§ **What to work on**:
Drop the pictures and restate the rest of the listing word for word.

§ **Data provided**:
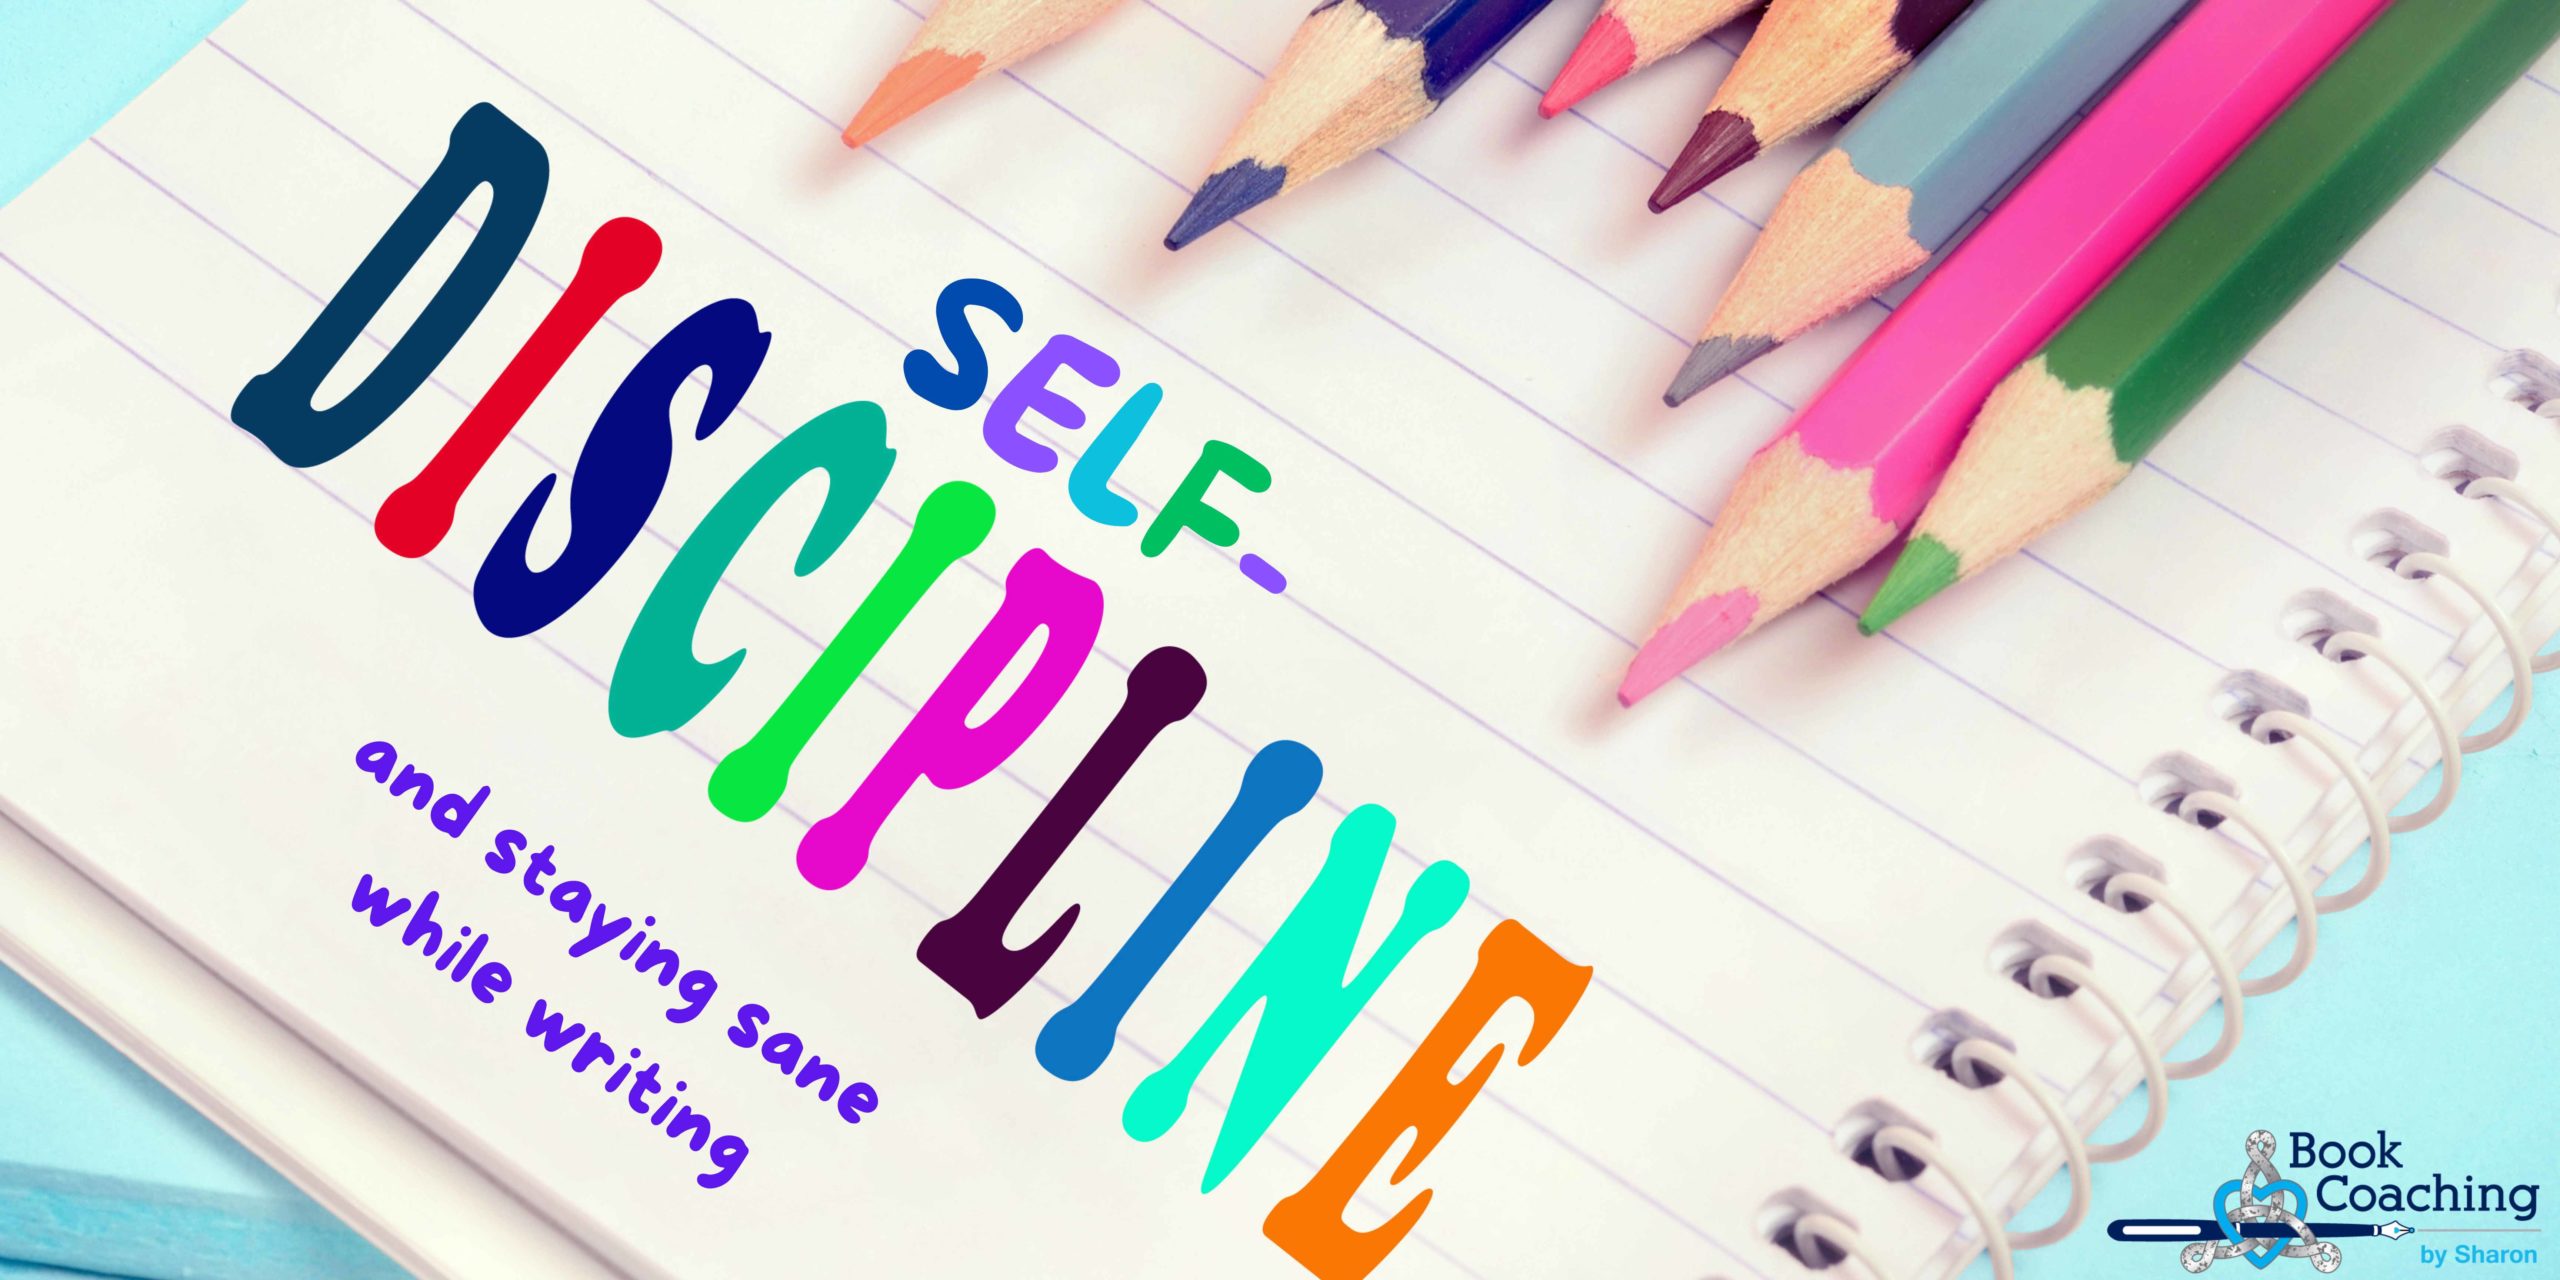 Blog header image: Colored pencils arrayed on a lined white pad with colorful text that reads Self-Discipline and staying sane while writing.
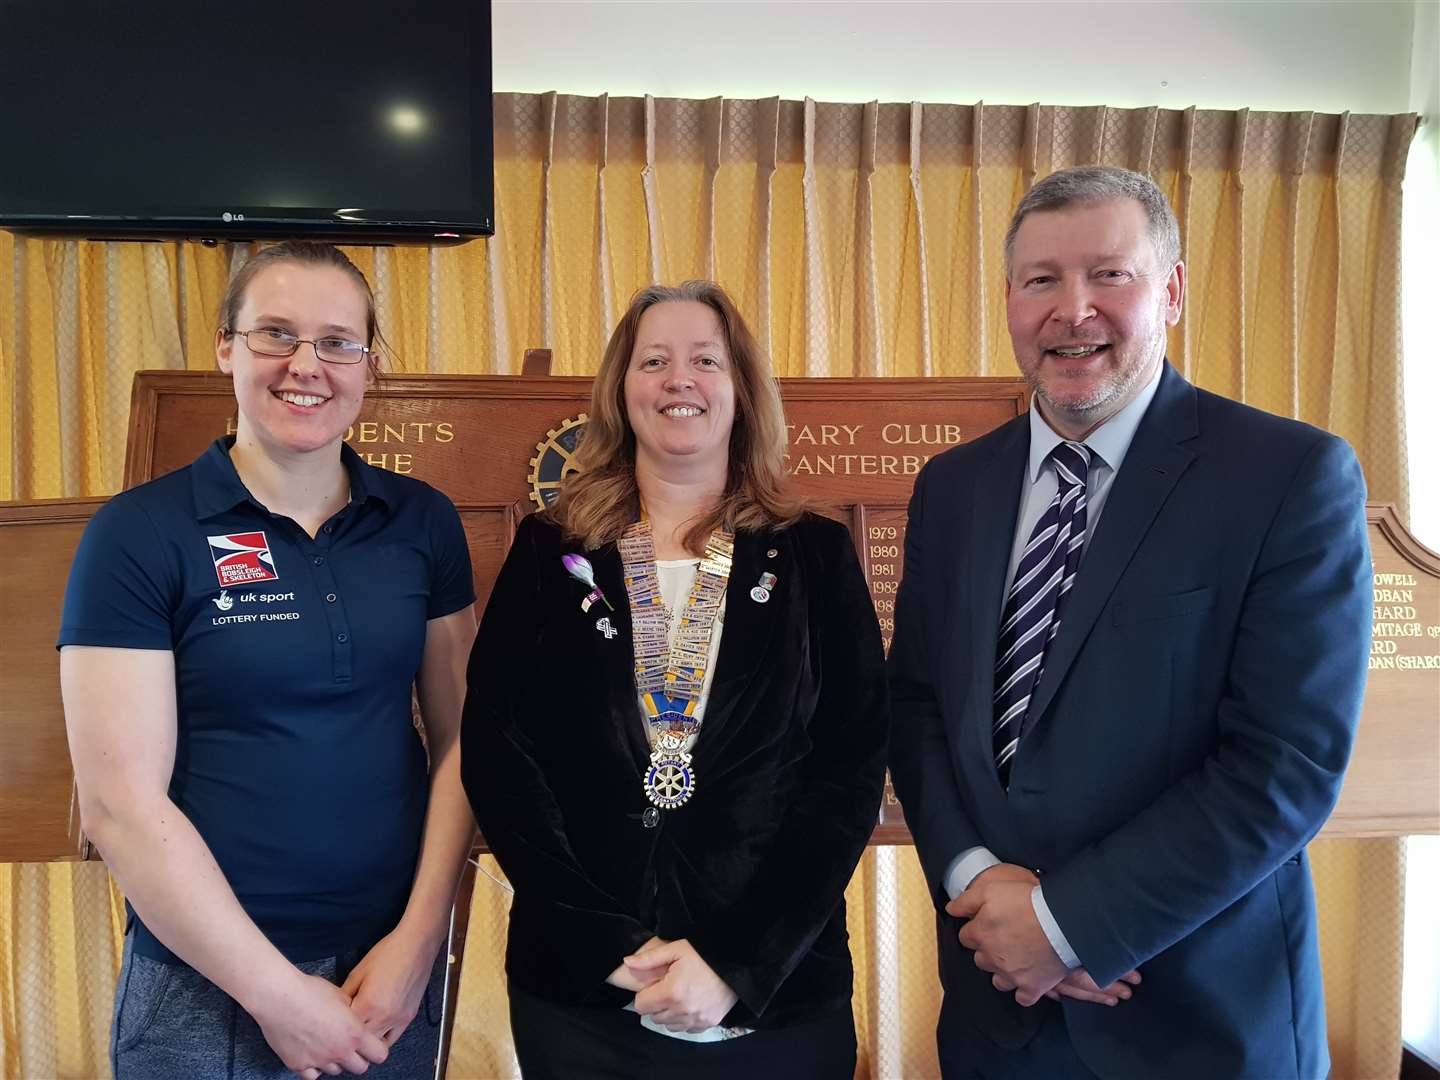 Olympic hopeful Rachel Hanagan with Sharon Jordan, president of the Club Council for Canterbury Rotary, and Simon Dolby of the KM Charity Team. (1307482)
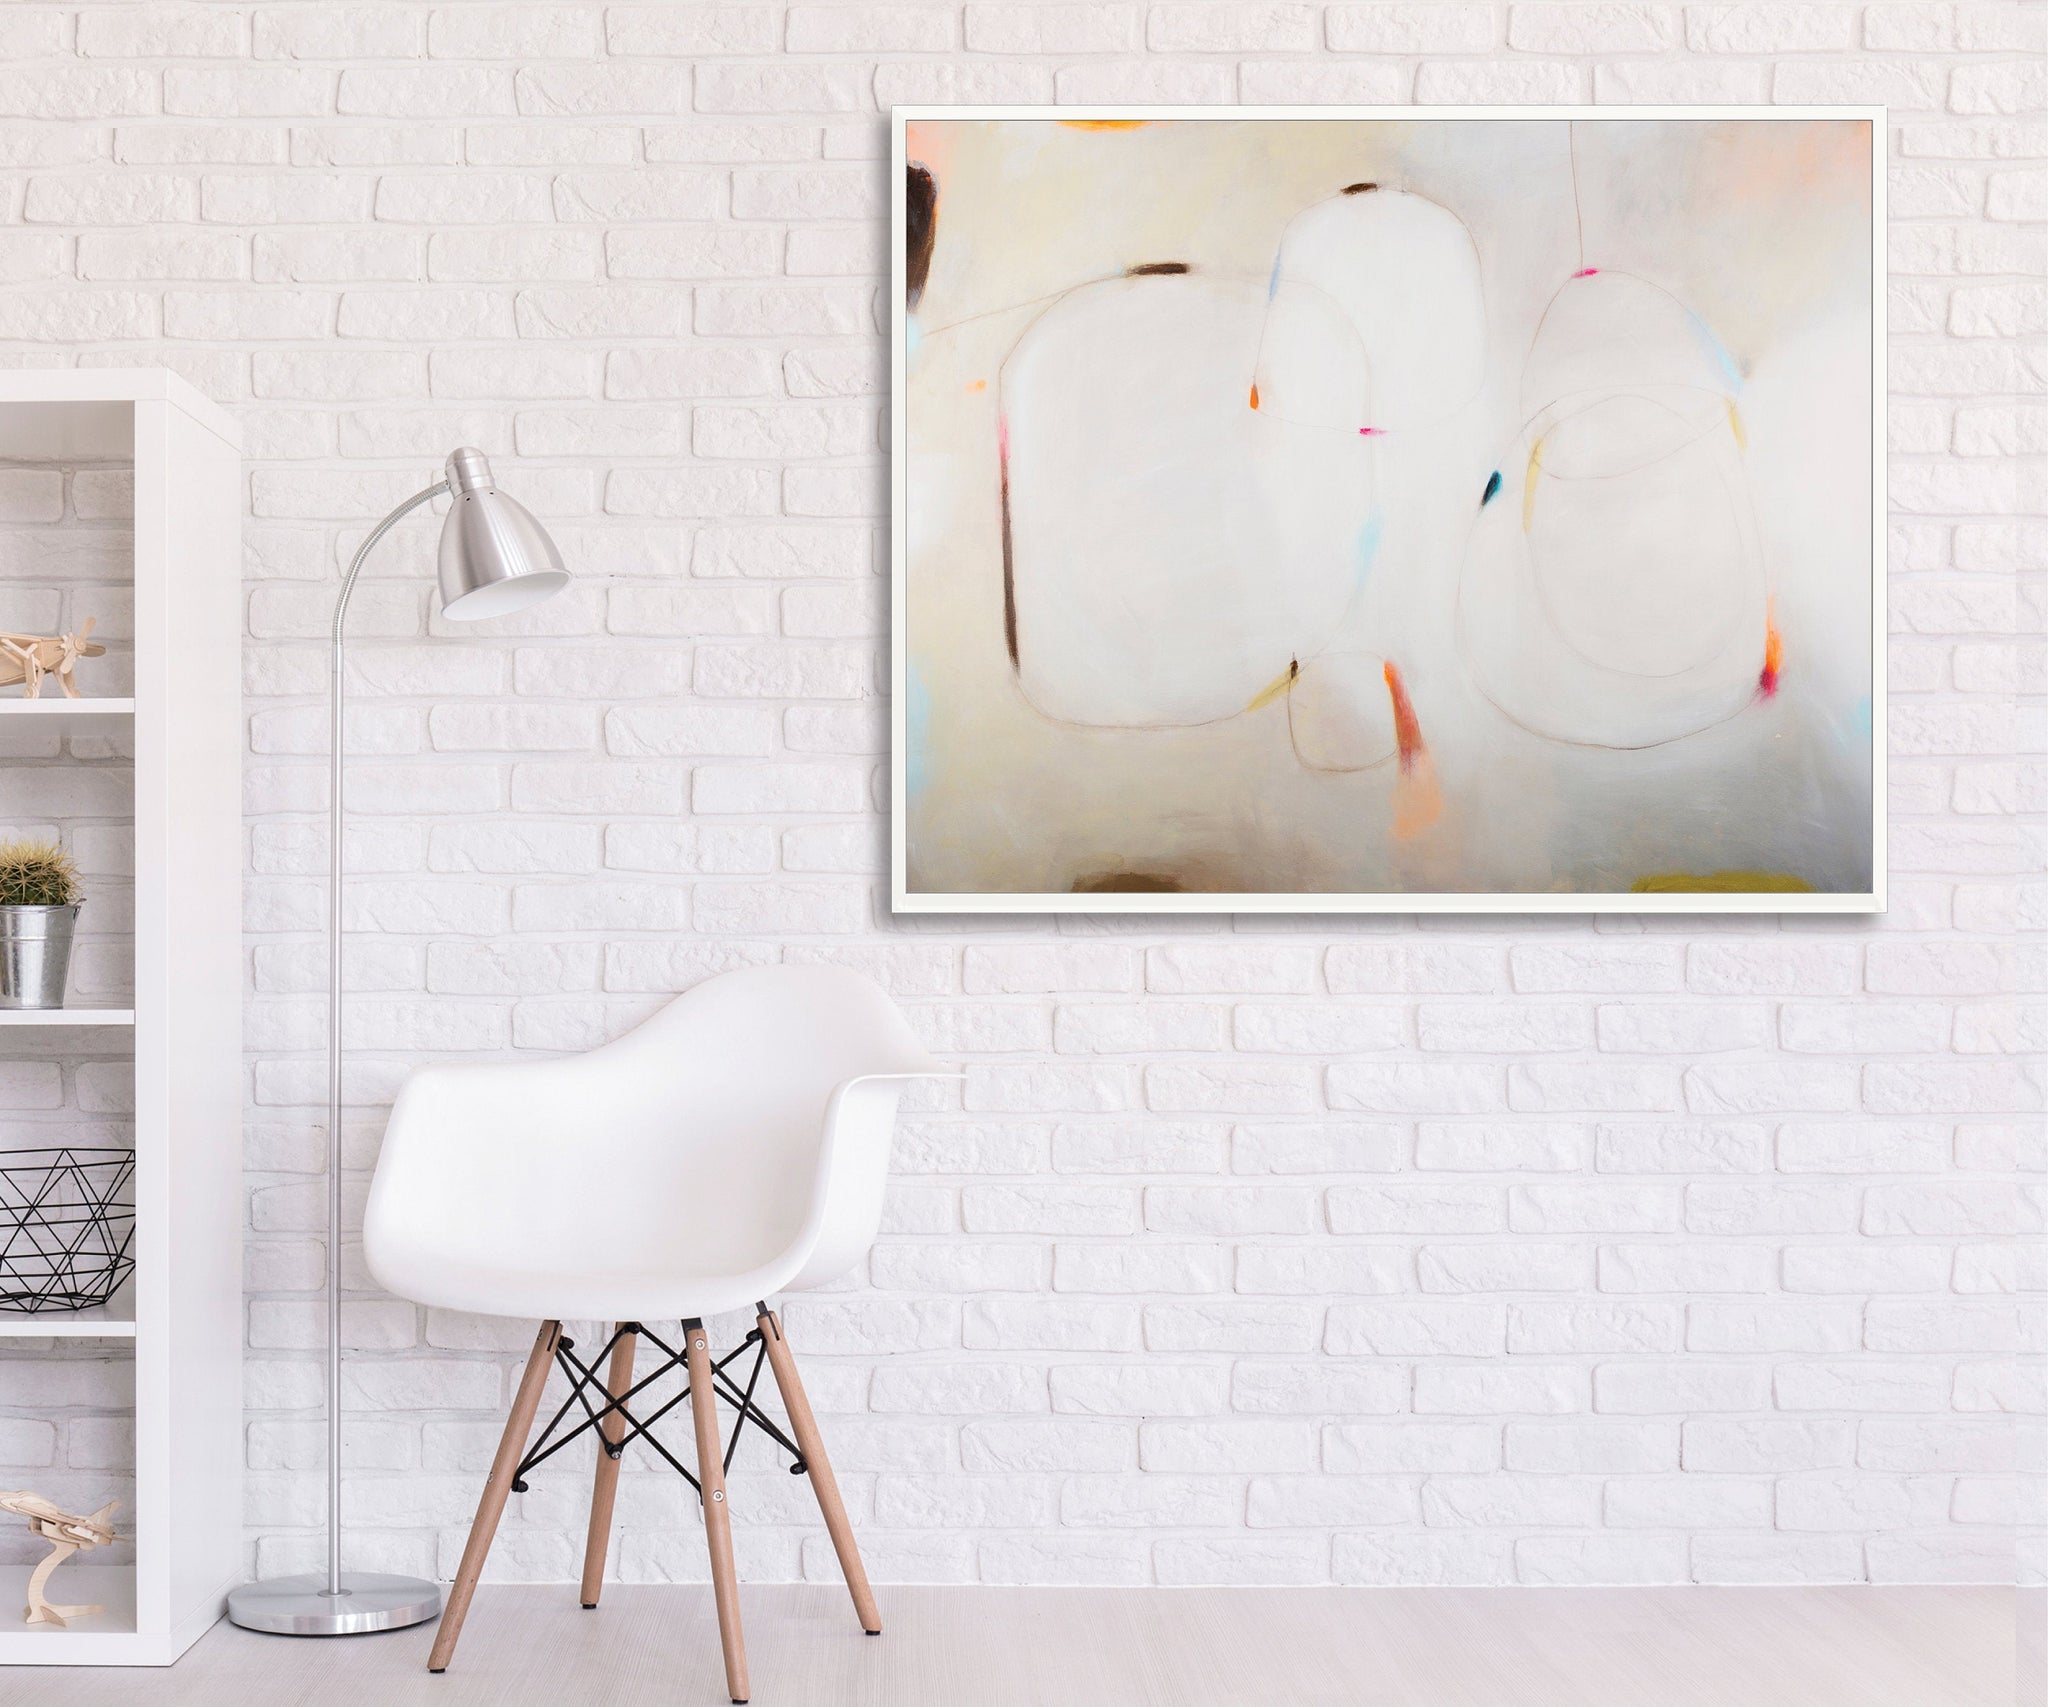 Extra large modern wall art abstract print, Beige minimalist painting print, contemporary print, acrylic abstract painting by Camilo Mattis - camilomattis.com

§ **Solution for this task**:
 Blog header image: Colored pencils arrayed on a lined white pad with colorful text that reads Self-Discipline and staying sane while writing.
 Olympic hopeful Rachel Hanagan with Sharon Jordan, president of the Club Council for Canterbury Rotary, and Simon Dolby of the KM Charity Team. (1307482)
 Extra large modern wall art abstract print, Beige minimalist painting print, contemporary print, acrylic abstract painting by Camilo Mattis - camilomattis.com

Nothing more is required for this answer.